The study published in eLife shows Atoh1 and the Jak2 signaling pathway are promising drug targets for Sonic Hedgehog (Shh)-type medulloblastoma.

In this study, the authors used a combination of in vitro biochemical techniques and human-derived medulloblastoma cell lines to demonstrate that Atoh1 protein is aberrantly modified by Jak2 only in tumor-initiating cells by addition of phosphate groups to amino acid tyrosine in the 78th position. Phosphorylation of Atoh1 makes it more active and stable, resulting in increased tumor growth.

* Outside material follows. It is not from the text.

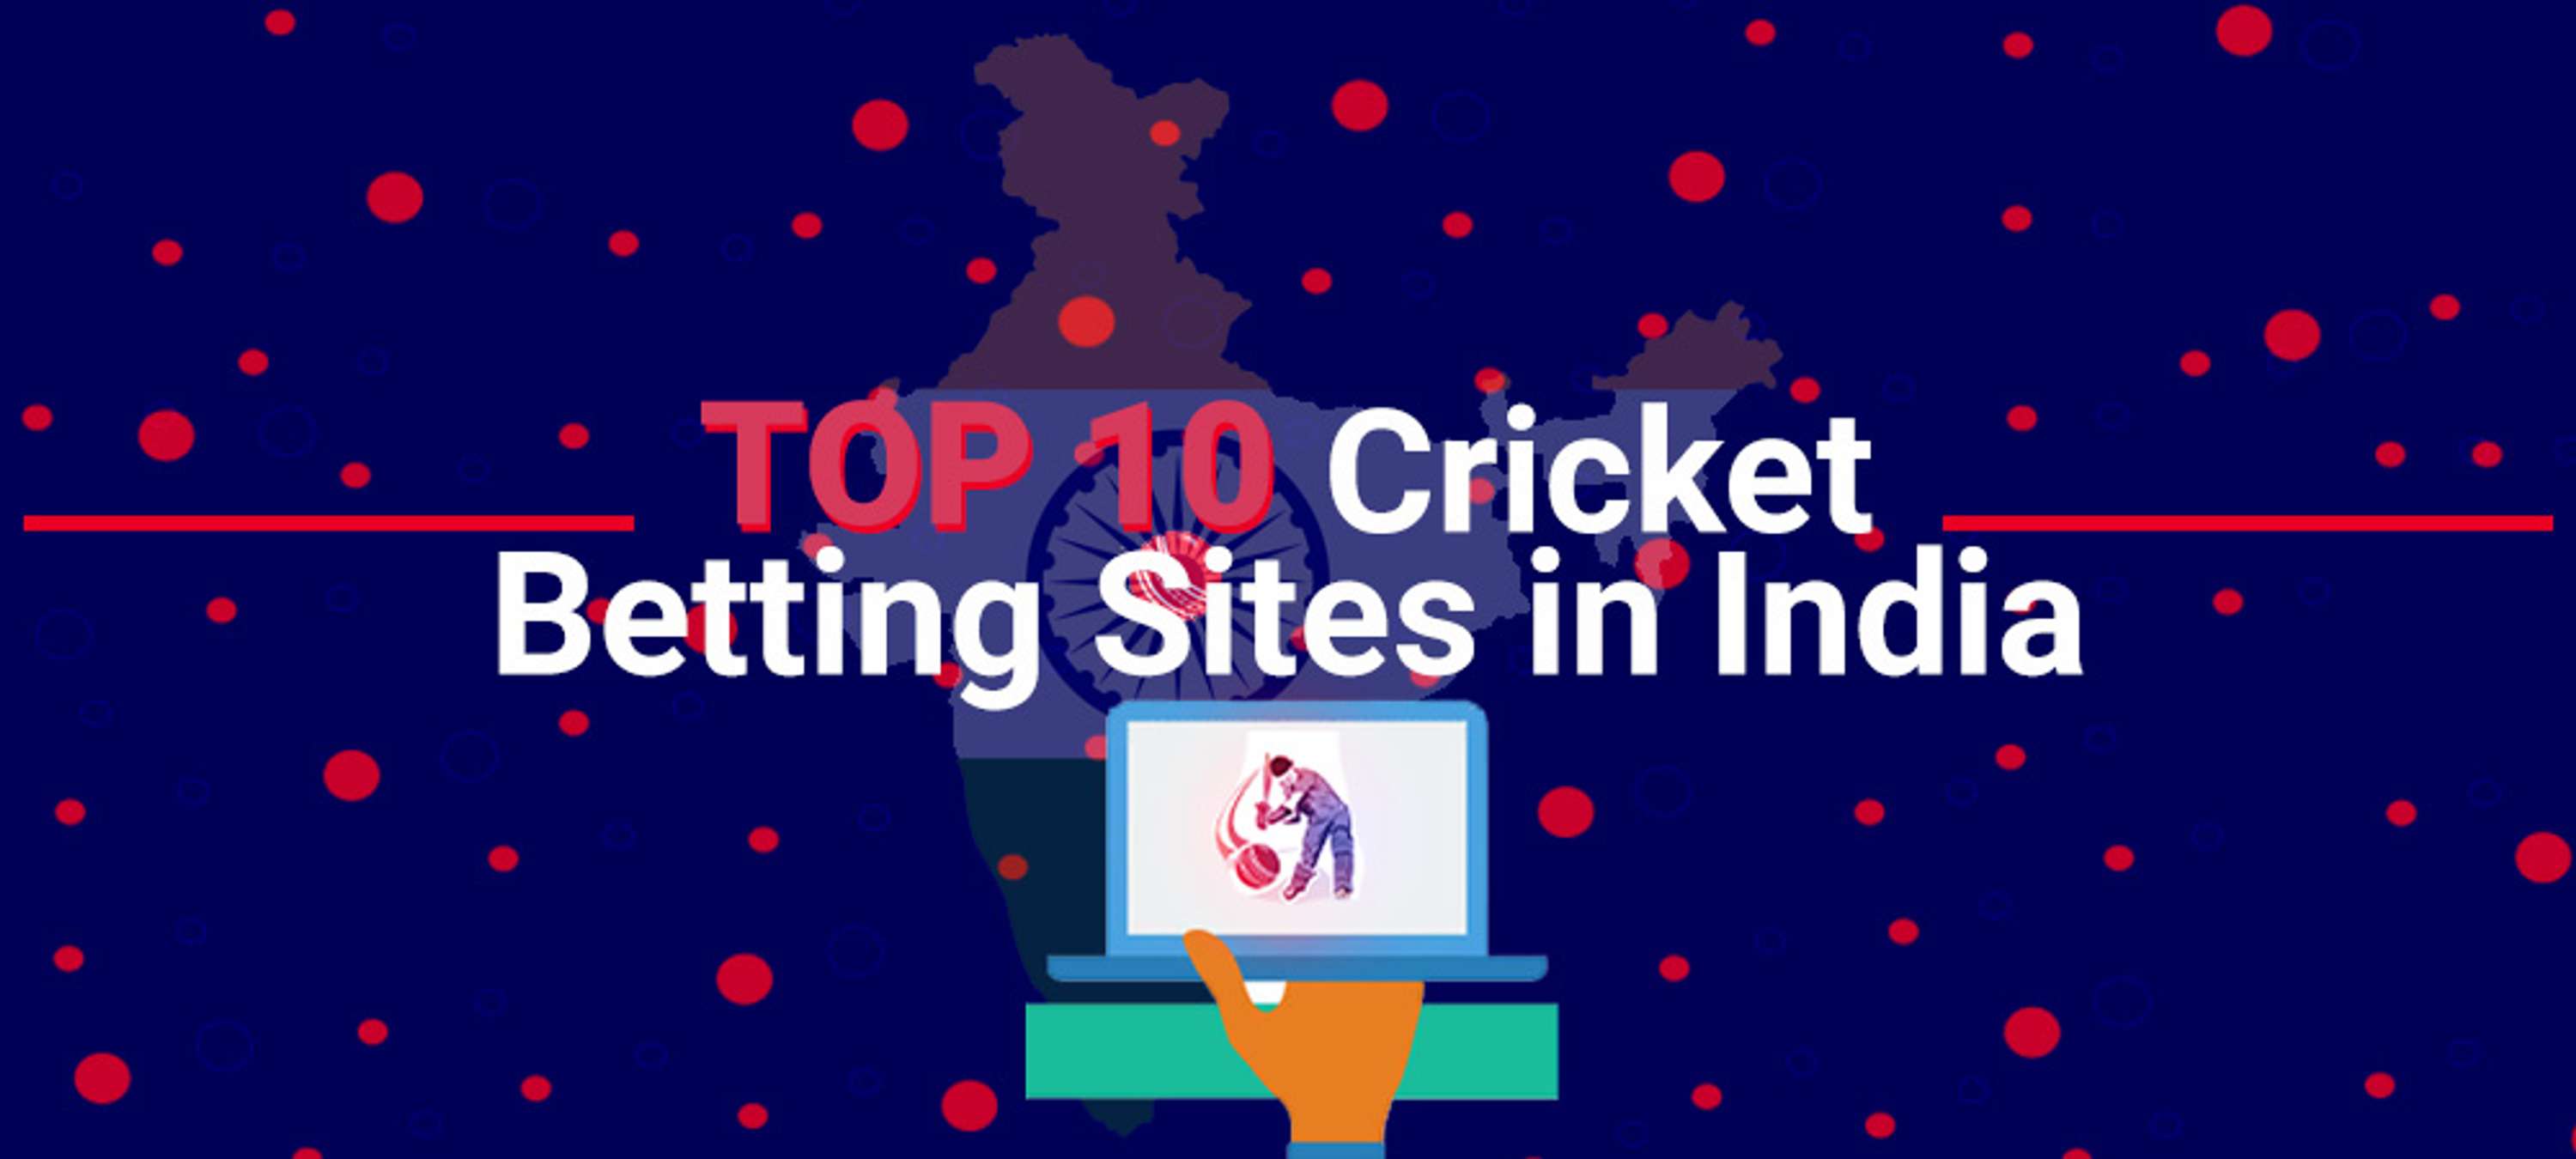 Top Betting Site In India | India Top Betting Site - Namoonlinebook by Namoonlinebook Hub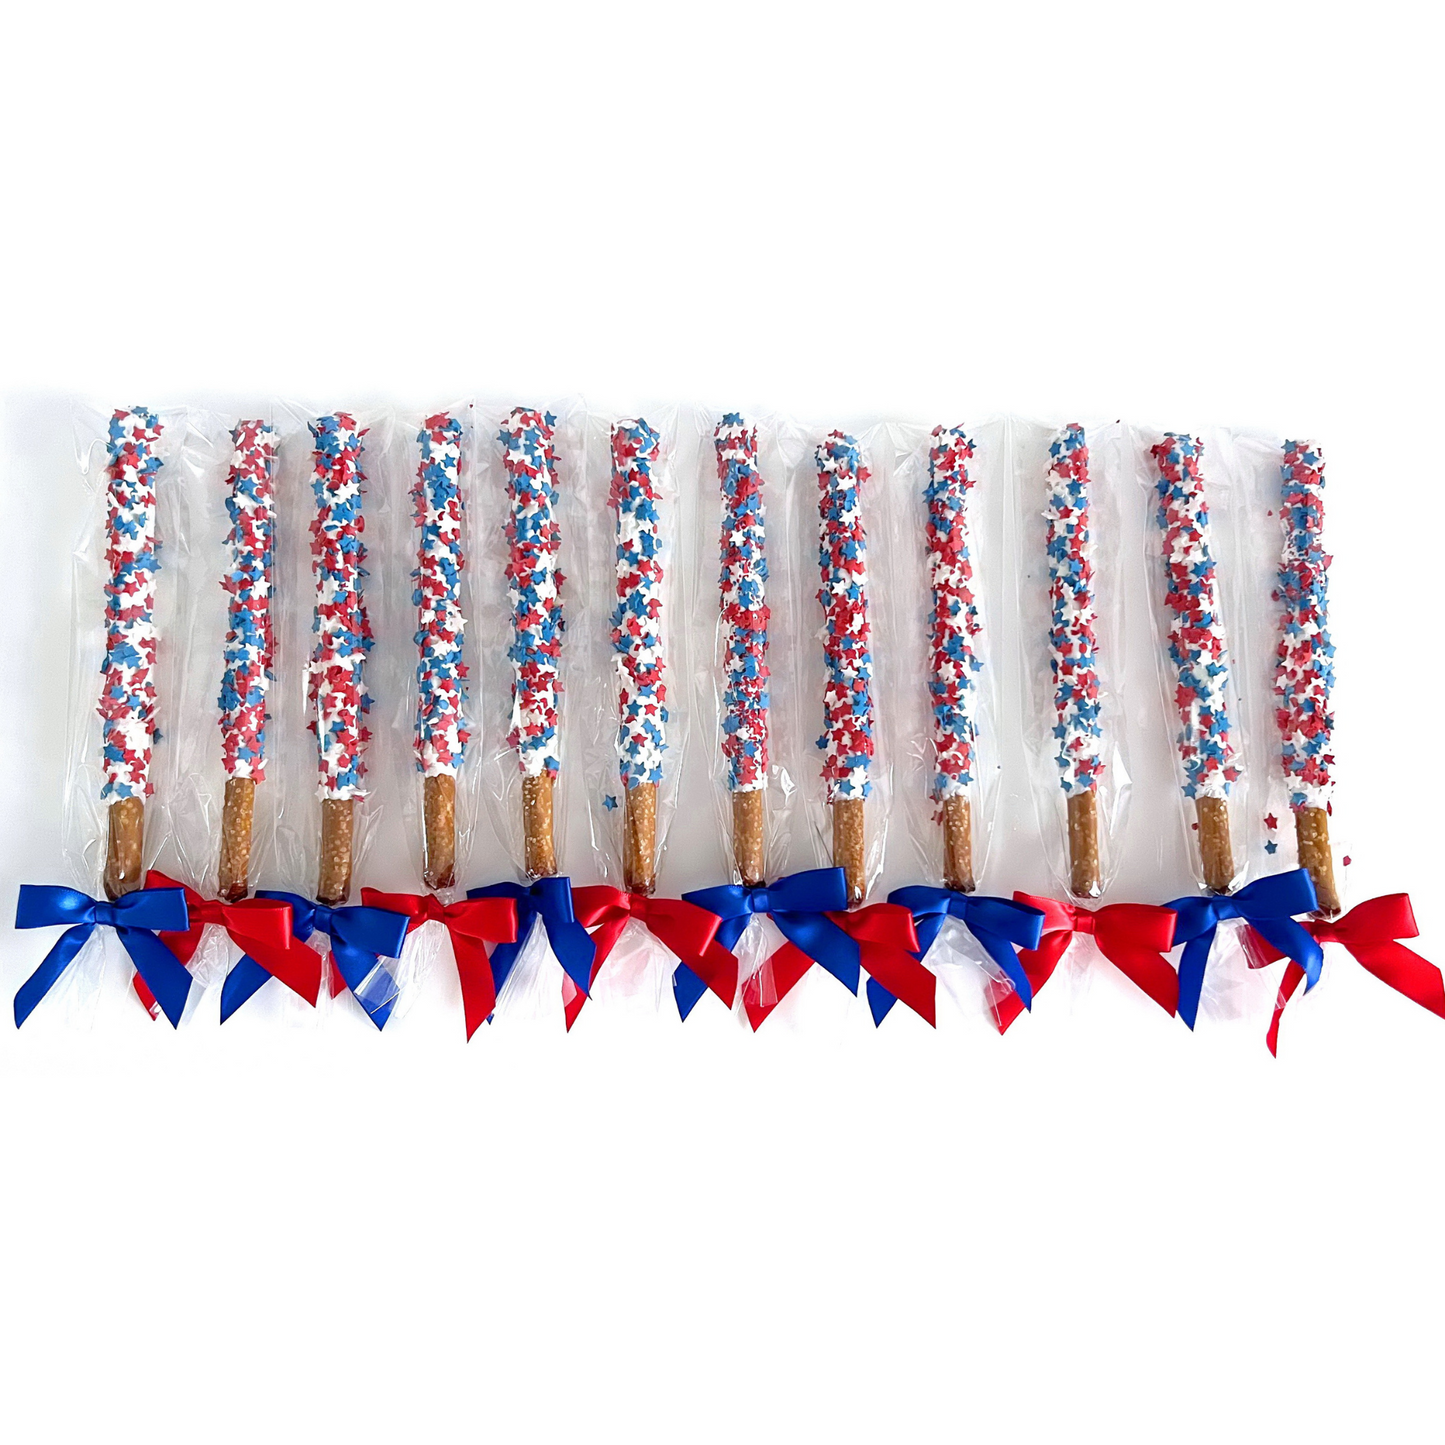 Patriotic White Chocolate Covered Pretzel Rods - Topped With Red, White, & Blue Stars

Medulloblastoma is the most common malignant brain tumor in children and forms in the cerebellum, a region of the brain important for movement and spatial orientation. Based on the molecular signatures, medulloblastomas are classified into four subtypes with the Shh-type encompassing up to 25 percent of all such tumors.

Current treatment options are limited to surgical removal of the tumor and surrounding healthy brain tissue in combination with chemotherapy and radiation.  However, with the current treatments modalities, only 50 to 60 percent of Shh-type medulloblastoma patients survive. Previous attempts to develop therapies by targeting different genes of the Shh pathway have not been entirely successful in preventing secondary tumors. Based on this study, it appears modulating Atoh1 may potentially circumvent this issue.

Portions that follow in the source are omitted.